Trade secrets are also not advancing the public good nor time-limited nor necessarily novel and therefore do not get the legal monopoly that a patent does, so all the enforcement goes into destroying the personal life of the contracted employee in court as an example to others. This coupled with there being, usually, little clear boundary around what is and is not protected, it gives employers a very long arm to harass anyone who happens to have been a good and creative employee but had the audacity to leave.
Personally, I am not allowed to implement what I suspect to be the better solution for certain tasks because they are trade secrets I invented* for my employer from twenty years ago. If the company had patented it then it would be expired by now, and/or my future-now-past employers might have licensed it in the meantime.

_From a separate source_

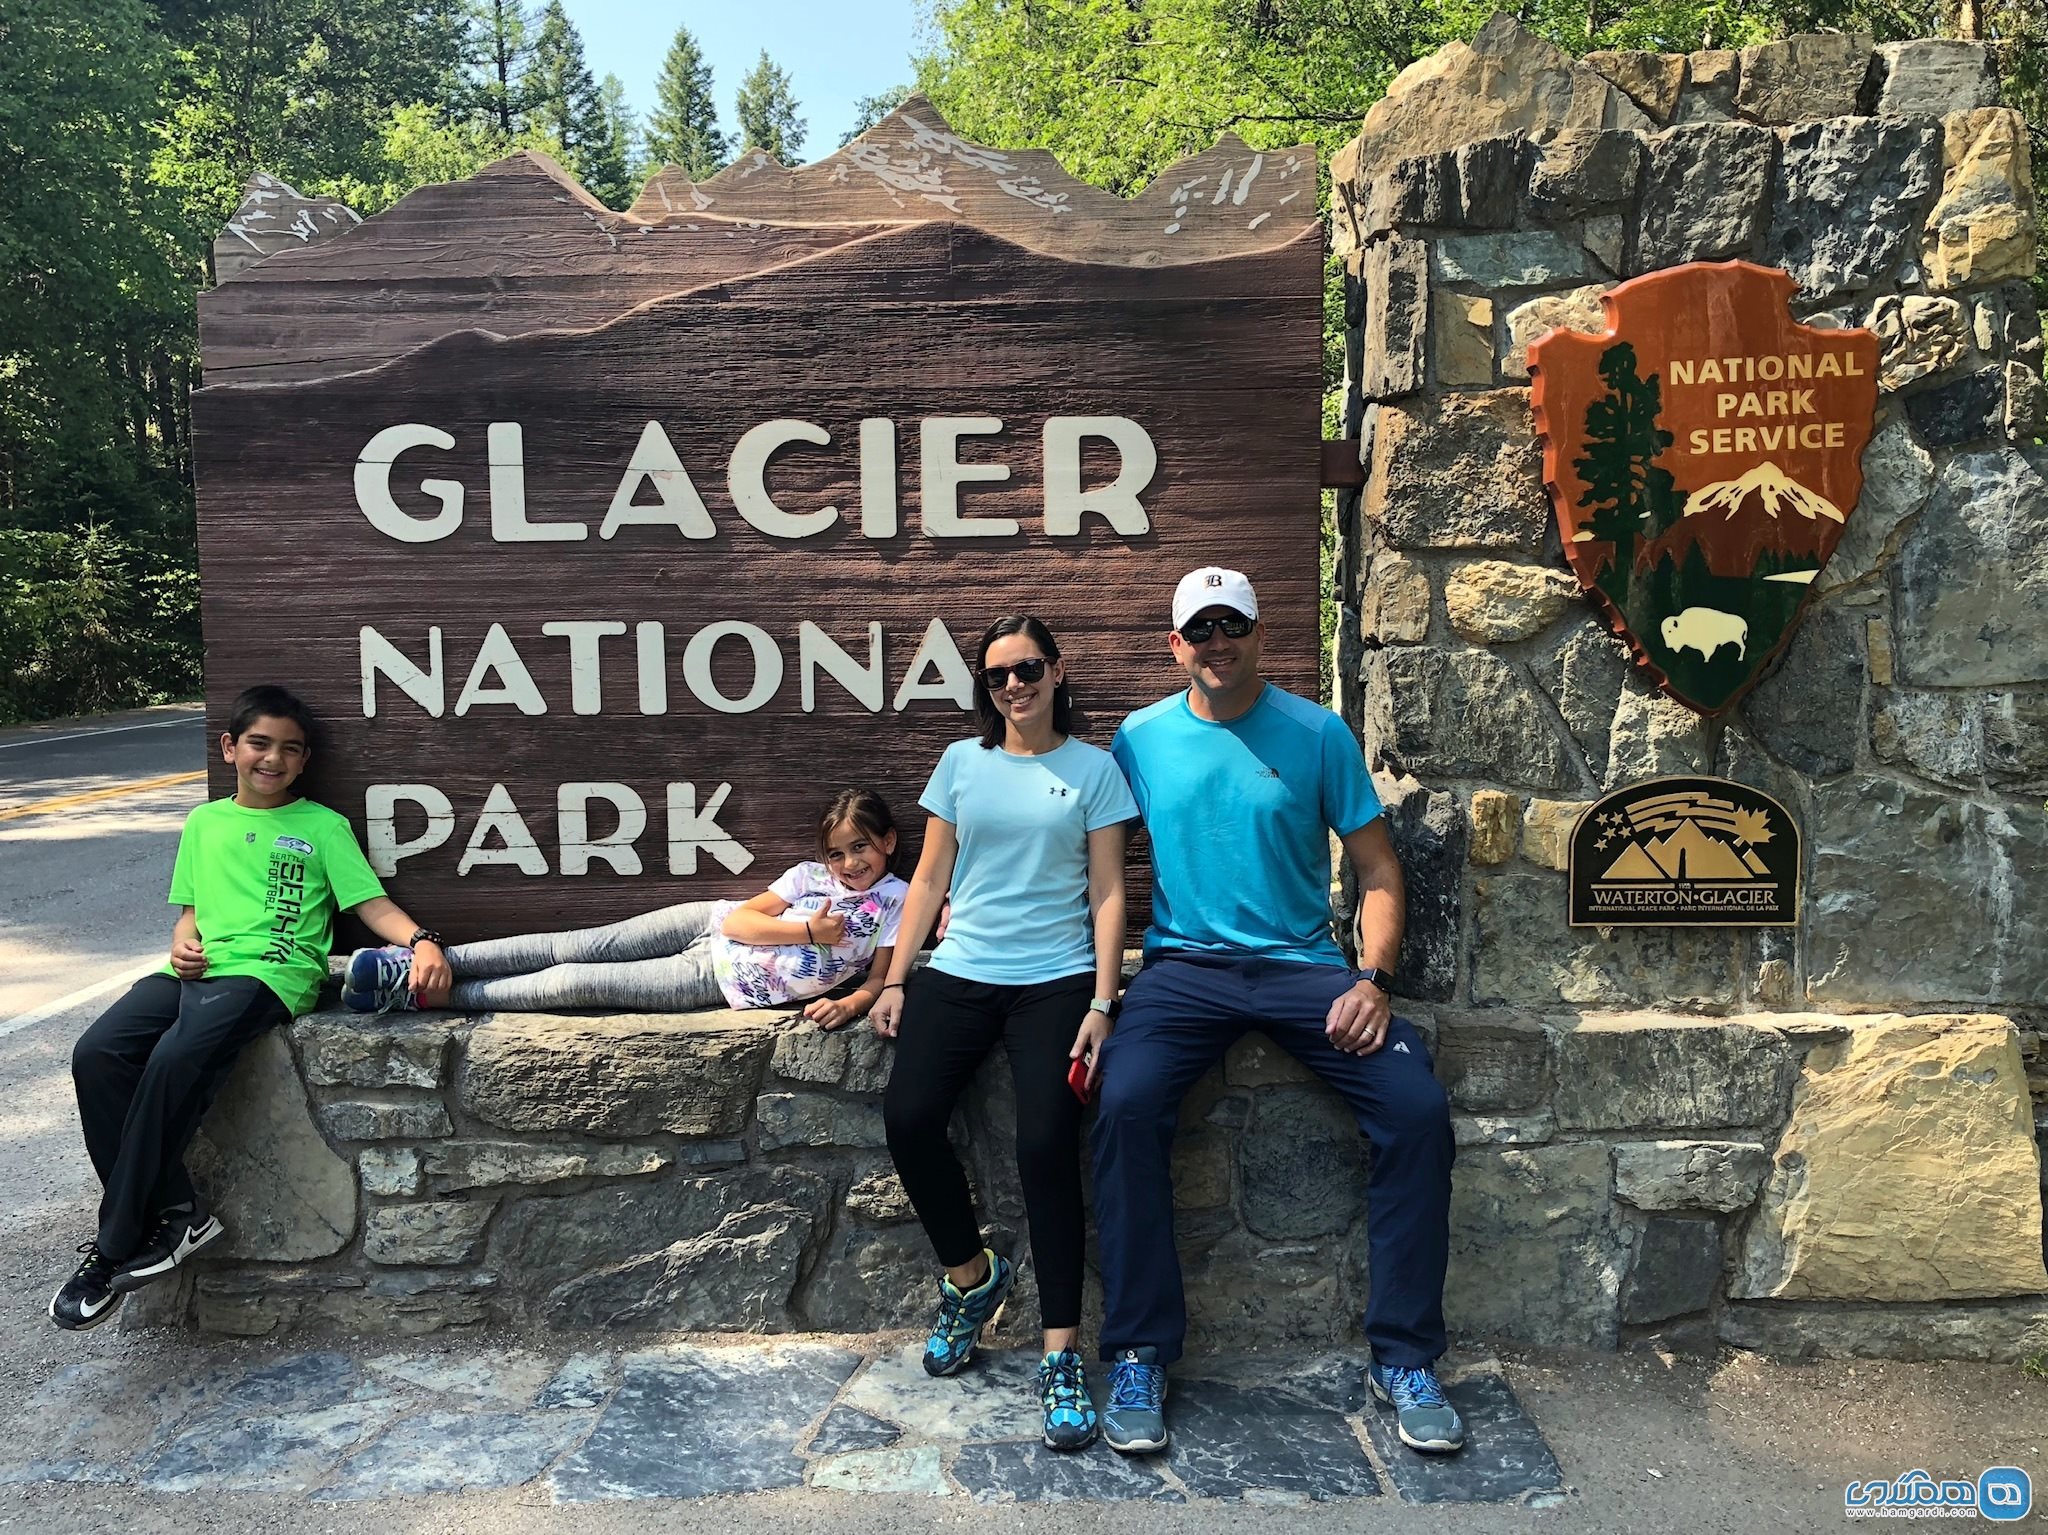 پارک ملی گلیشر Glacier National Park در مونتانا

My reaction has been to decline to participate in the patent harvesting games, and to tell the same to everyone I mentor. I am not one to violate an NDA from one employer to another but please don't expect to constrain my ability to use a skill somewhere in the future.
*As far as I knew they were novel then, not that the patent attorneys did their due diligence before telling me they were going to be protected as trade secrets for the rest of eternity and I best keep my trap shut. Meanwhile open source has almost caught up which I guess means I may be released eventually... Not that I want to pony up to prove it in court if someone wants to force the issue.
- Anon because I do not live in California or another place with employee rights, and I still work in a vaguely related field.